Filippo Cardinale
La riunione di ieri mattina, svoltasi nella sede comunale di Ribera, ha tracciato una netta linea di demarcazione. Quella linea tanto attesa e che per anni è stata volutamente ricoperta dalla volontà di 16 sindaci che, di volta in volta, hanno proseguito sulla via del non rispetto della legge.
Ma i tempi cambiano. Cambiano con l’arrivo del nuovo Prefetto Dario Caputo che ha emesso l’interdittiva antimafia che ha permesso di rendere le redini della Girgenti Acque nelle mani dello Stato attraverso la nomina dei commissari prefettizi. Cambiano per la determinazione dei due commissari che hanno chiarito senza equivoci che la legge va applicata. Cambiano perchè adesso non vi è più la gestione del servizio idrico integrato nella mani di una società privata.
I tempi cambiano perché, finalmente, nella riunione di ieri dei 27 sindaci, i cui Comuni hanno consegnato le risorse in ossequio alla legge, il presidente dell’Ati e anche sindaci di Sciacca (Città consegnataria delle reti) ha ribadito un concetto inequivocabile: entro il prossimo 15 marzo l’Ati attende le istanze di quei Comuni che ipotizzano il possesso dei requisiti previsti dall’articolo 147, comma 2bis, lettere a) e b) del D.Lgs. n. 152/2006, che rende possibile la gestione del servizio idrico in forma autonoma esistente nei Comuni che presentano constestualmente le seguenti caratteristiche: approvvigionamento idrico da fonti qualitativamente pregiate; sorgenti ricadenti in parchi naturali o aree naturali protette, ovvero in siti individuati come beni paesaggistici ai sensi del codice dei beni culturali e del paesaggio.
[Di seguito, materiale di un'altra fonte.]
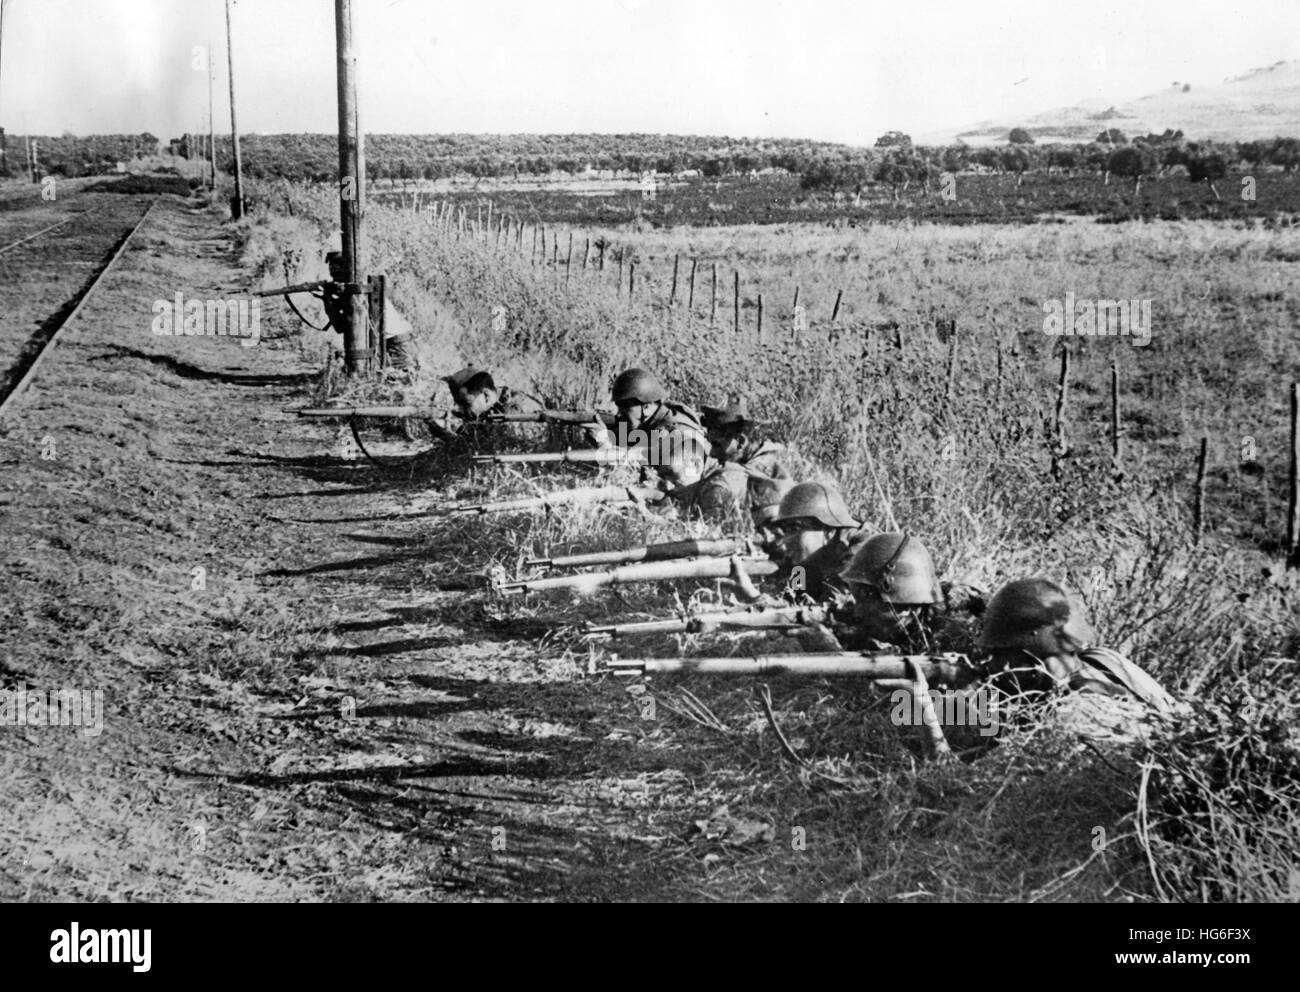 The Nazi propaganda picture shows troops of the Popular front defending a railroad against Francos troops near Córdoba, Spain, September 1936. Fotoarchiv für Zeitgeschichtee - NO WIRE SERVICE - | usage worldwide Stock Photo

Tra tutti i 43 Comuni che compongono l’Ati, non saranno più di 2/3 quelli che potrebbero rientrare in tali rigidi requisiti. Ma il presidente dell’Ati ha ribadito, come previsto dalla legge, che l’autonomia è perimetrata solo alla gestione delle reti. Le fonti idriche sono demaniali e non comunali. In buona sostanza, quei Comuni che rientrano nella suddetta legge possono disporre della quantità di acqua secondo i litri/secondo di cui necessitano. Il resto rientra nella disponibilità della unicità territoriale di ambito, dunque al servizio degli altri Comuni. Insomma, più acqua per tutti per comprare meno acqua da Siciliacque a costi da champagne.
I sindaci riunitisi a Ribera, (Ribera, Sciacca, Favara, Montevago, Cattolica Eraclea, Calamonaci, Grotte, Lucca Sicula, Villafranca Sicula, Raffadali, Siculiana, San Giovanni Gemini, Realmonte, Sambuca di Sicilia, Racalmuto, Porto Empedocle, Licata e Montallegro) hanno chiesto all’Ati, rappresentata dal presidente Francesca Valenti, di procedere con urgenza alla definizione della questione dei 16 Comuni non consegnatari di reti e che non hanno rispettato la legge. La definizione urgente dell’annosa vicenda, in vista di una gestione pubblica e diretta del servizio idrico con tutte le risorse disponibili messe a disposizione dei comuni che compongono l’ambito.
Una posizione che ha trovato d’accordo Valenti, che ha già avviato una interlocuzione con i comuni “ribelli” chiedendo loro di avanzare le istanze di richiesta di ricorso alla gestione diretta prevista appunto all’articolo 147 dalla legge sull’acqua approvata dall’Ars nel 2015.
Francesca Valenti ha detto, senza mezzi termini, che l’Ati sarebbe pronto a firmare le diffide per la riconsegna degli impianti, probabilmente un percorso in cui la Prefettura, in questo contesto, potrebbe fare la propria parte. I sindaci “consegnatari” hanno dal loro canto chiesto che questo avvenga entro metà marzo per consentire, poi, l’avvio di un percorso comune di creazione del nuovo ambito territoriale ottimale. E dal lì, assicurano, l’acqua pubblica potrebbe essere davvero ad un passo.